* About this exercise:
Could you give back every entry below exactly, with the pictures dropped?

* Supplied entries:
__________

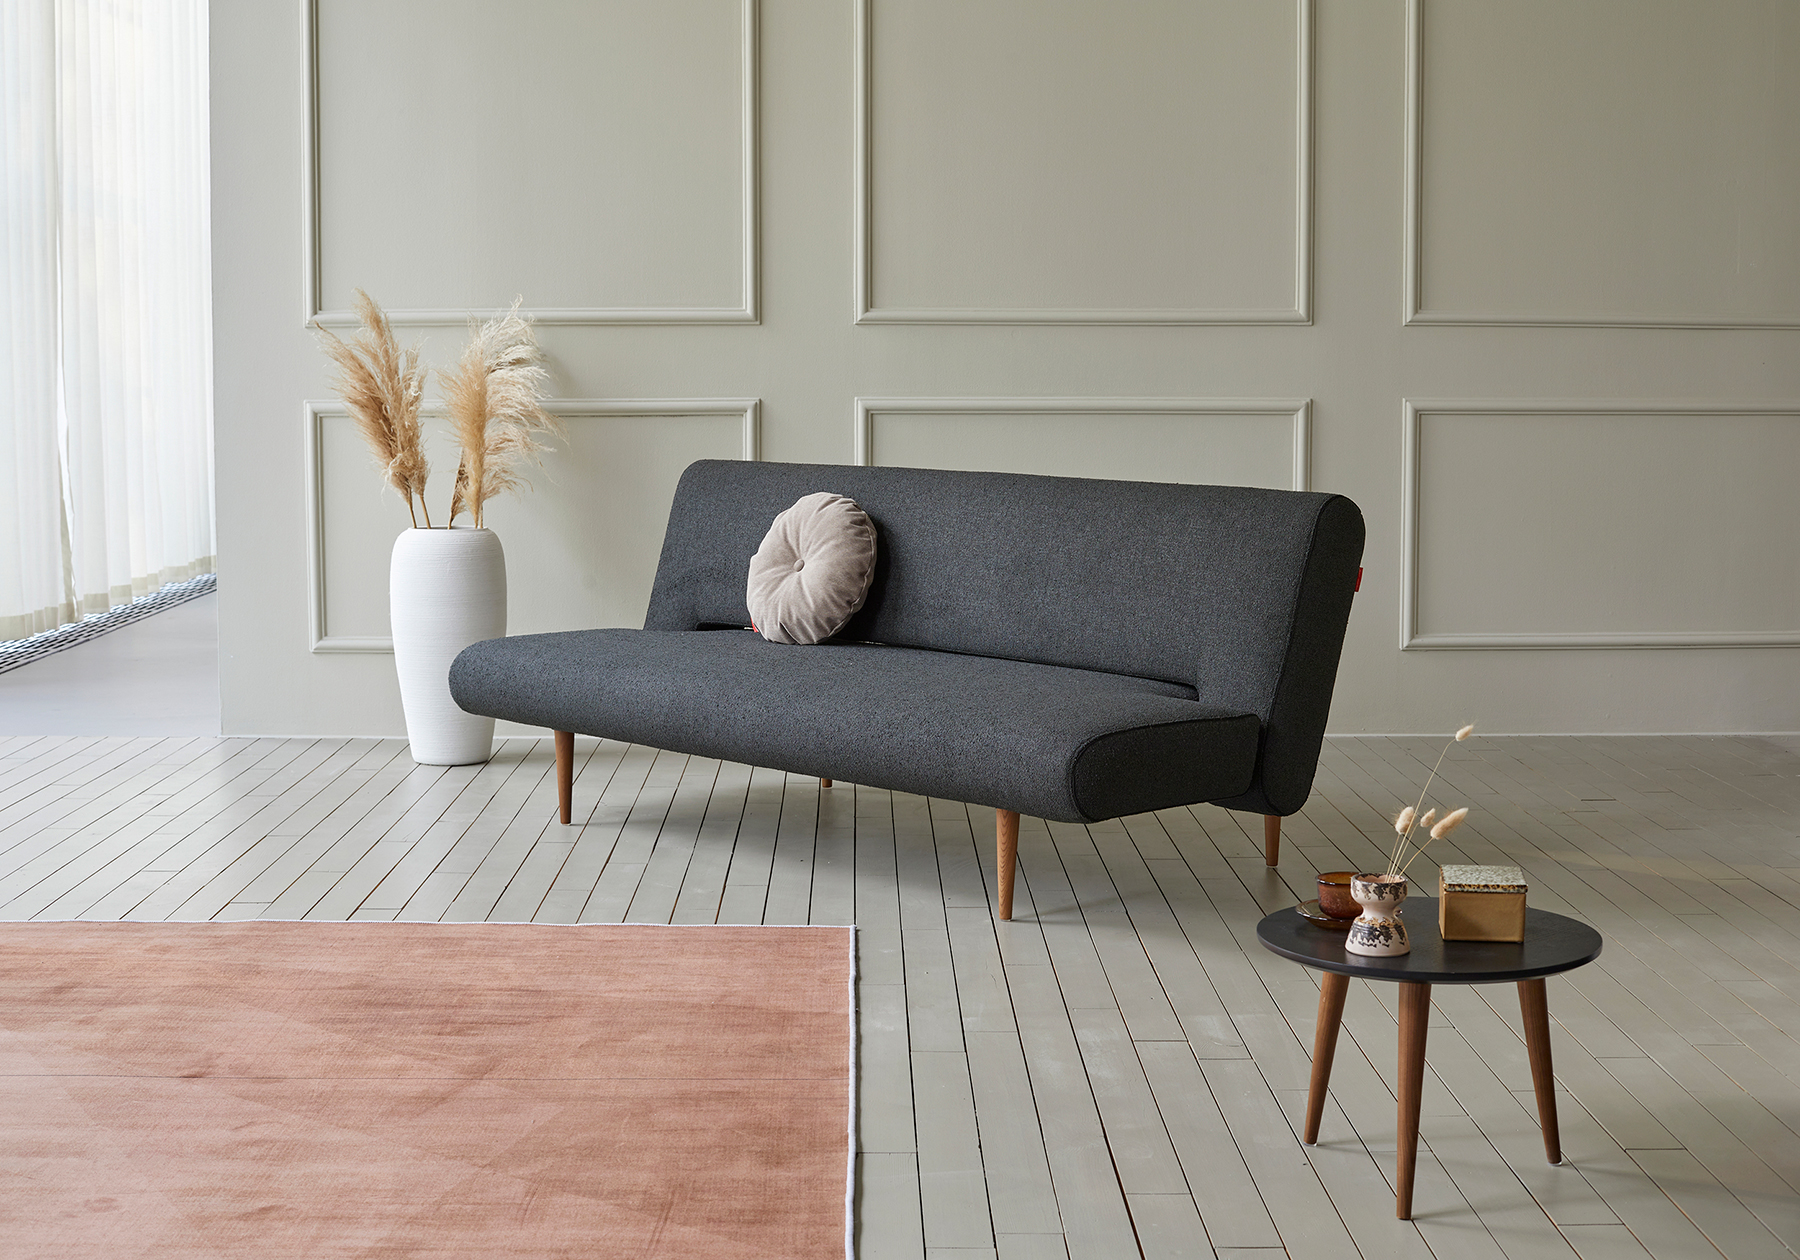 media/image/Unfurl-Sofa-Bed-534-e4-web.jpg
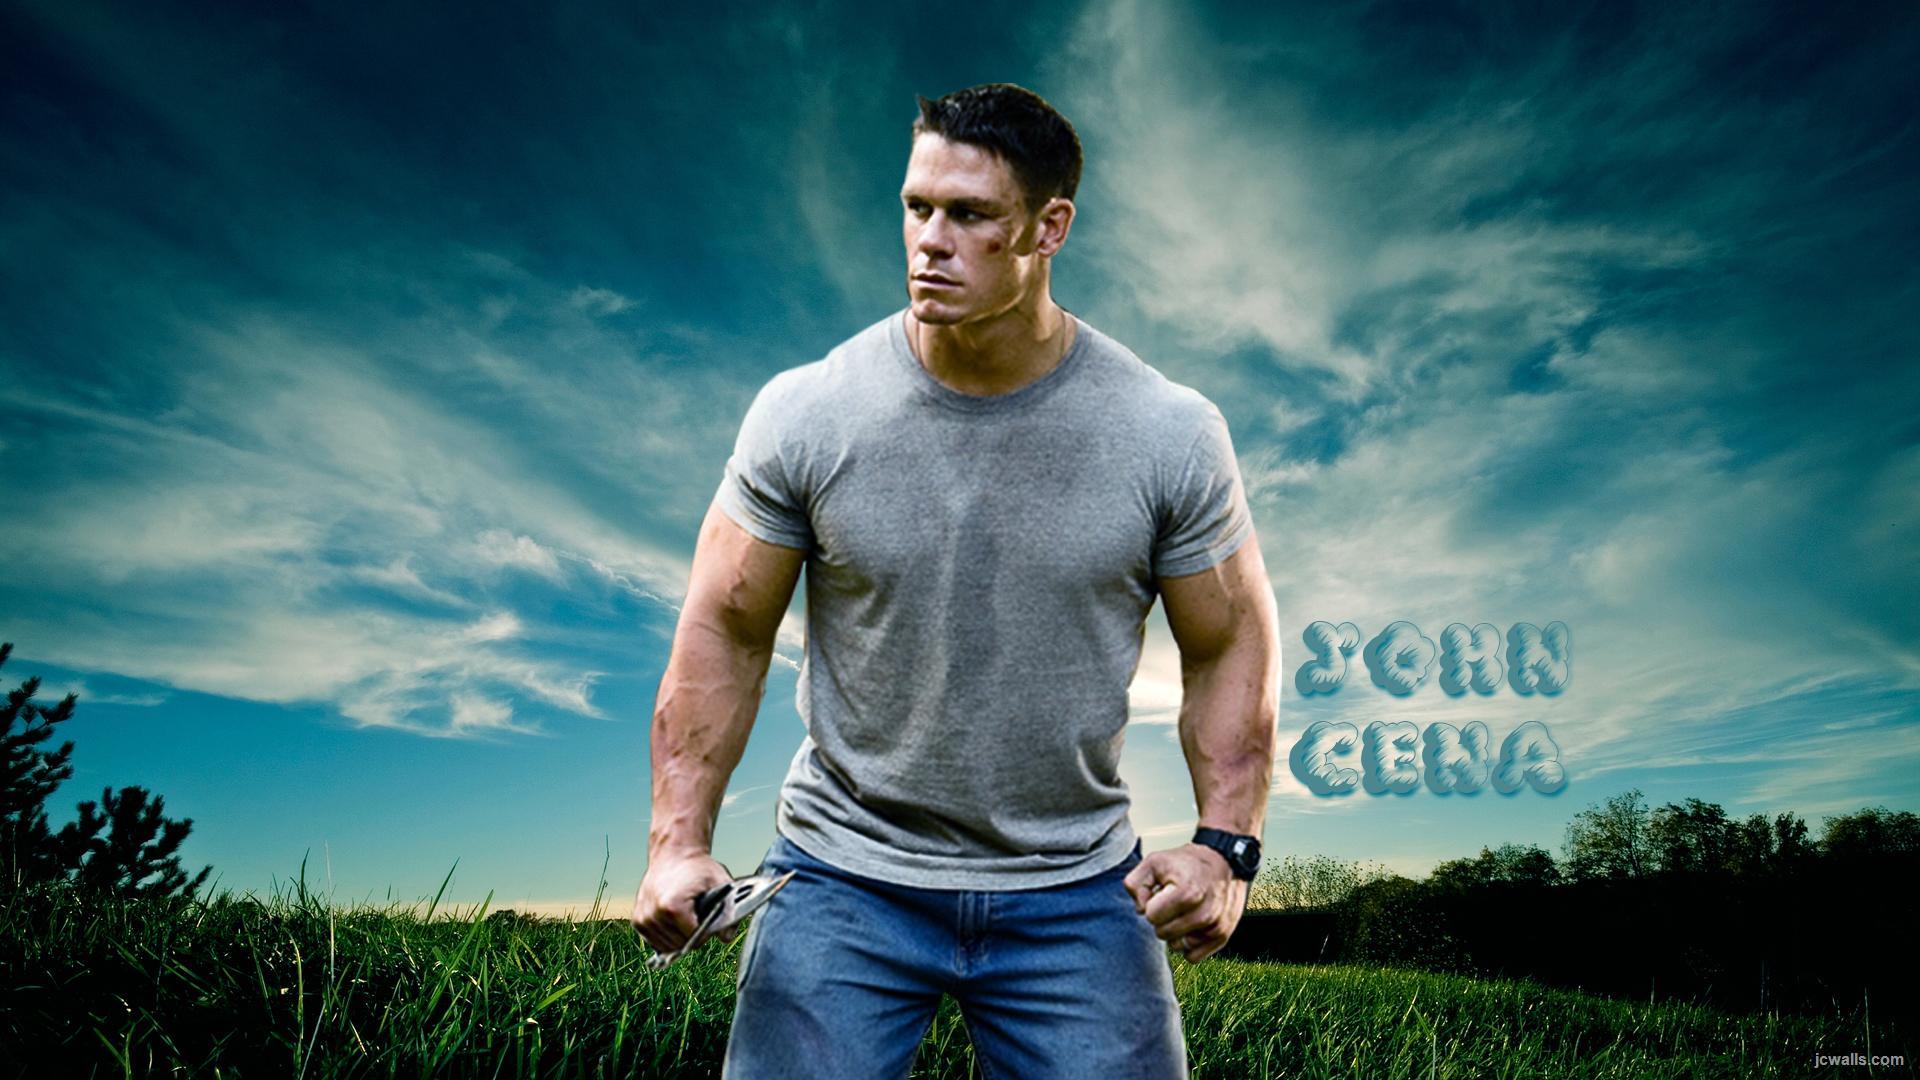 john cena wallpaper t shirt
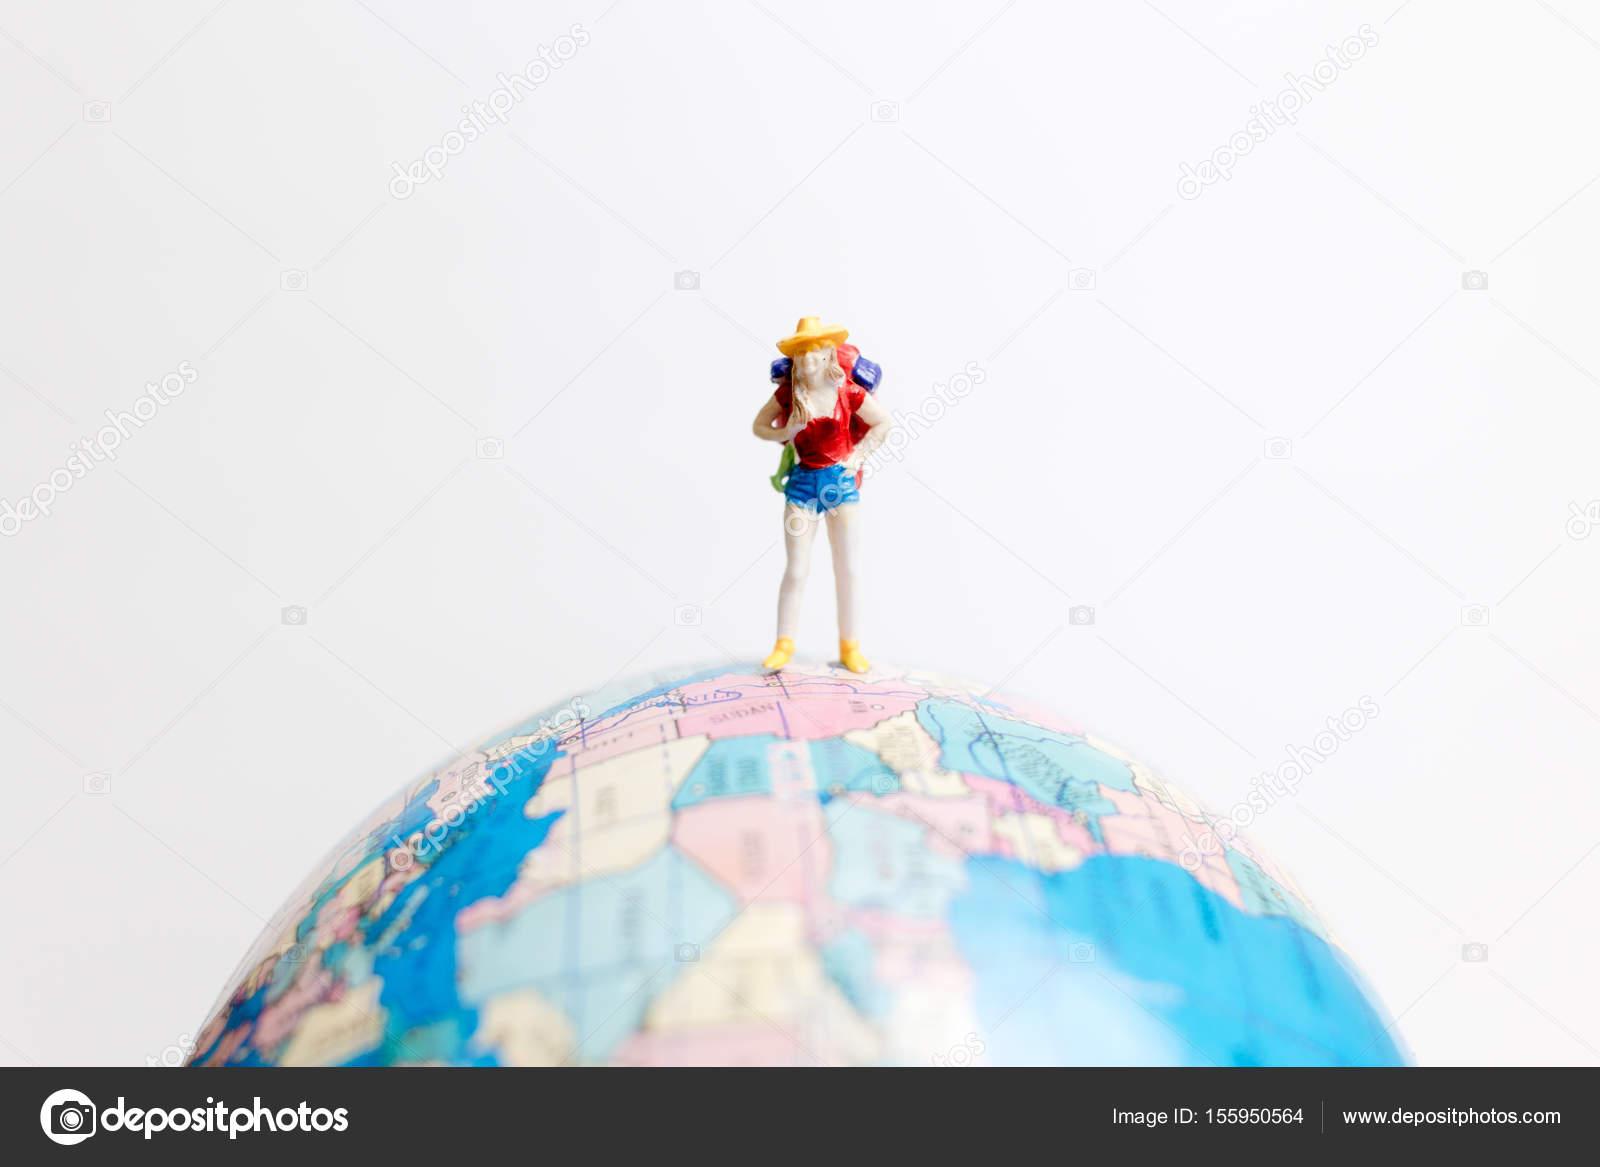 Miniature people figure standing on the globe world map stock miniature people figure standing on the globe world map stock photo gumiabroncs Choice Image
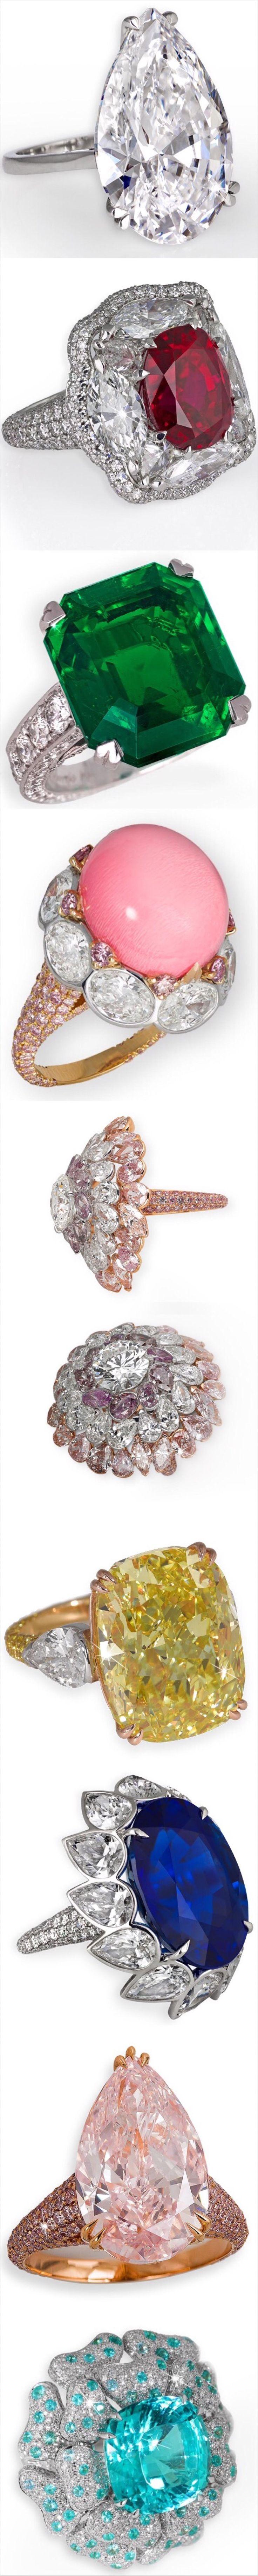 9 Stunning and Important Rings @David Morris - The London Jeweler
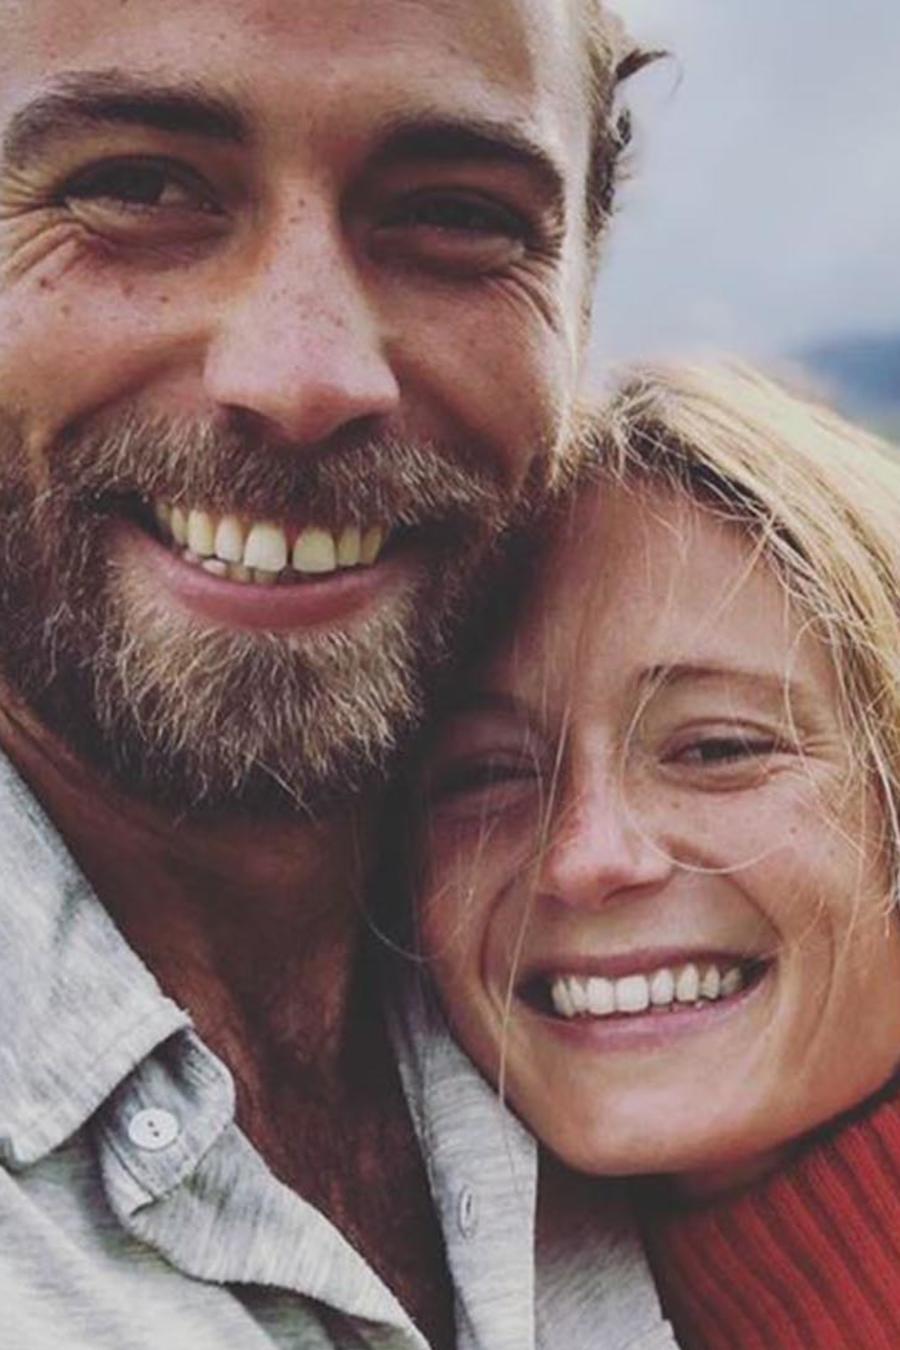 James Middleton y Alizee Thevenet comprometidos
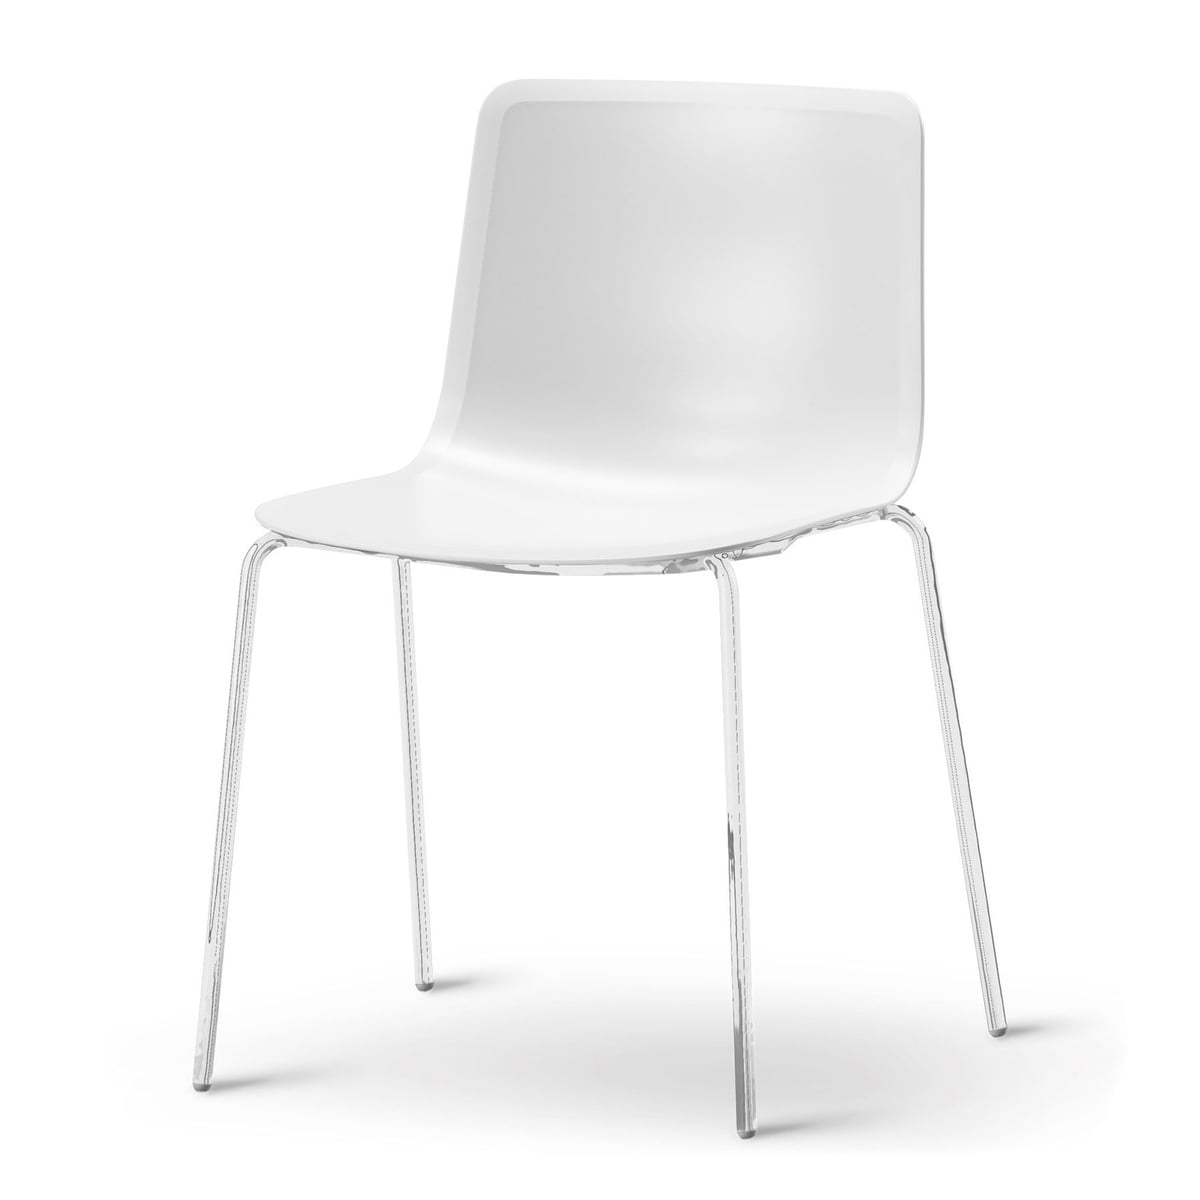 chaise pato fredericia connox. Black Bedroom Furniture Sets. Home Design Ideas

__________

* Result below:
 media/image/Unfurl-Sofa-Bed-534-e4-web.jpg
 john cena wallpaper t shirt
 Miniature people figure standing on the globe world map stock miniature people figure standing on the globe world map stock photo gumiabroncs Choice Image
 9 Stunning and Important Rings @David Morris - The London Jeweler
 James Middleton y Alizee Thevenet comprometidos
 chaise pato fredericia connox. Black Bedroom Furniture Sets. Home Design Ideas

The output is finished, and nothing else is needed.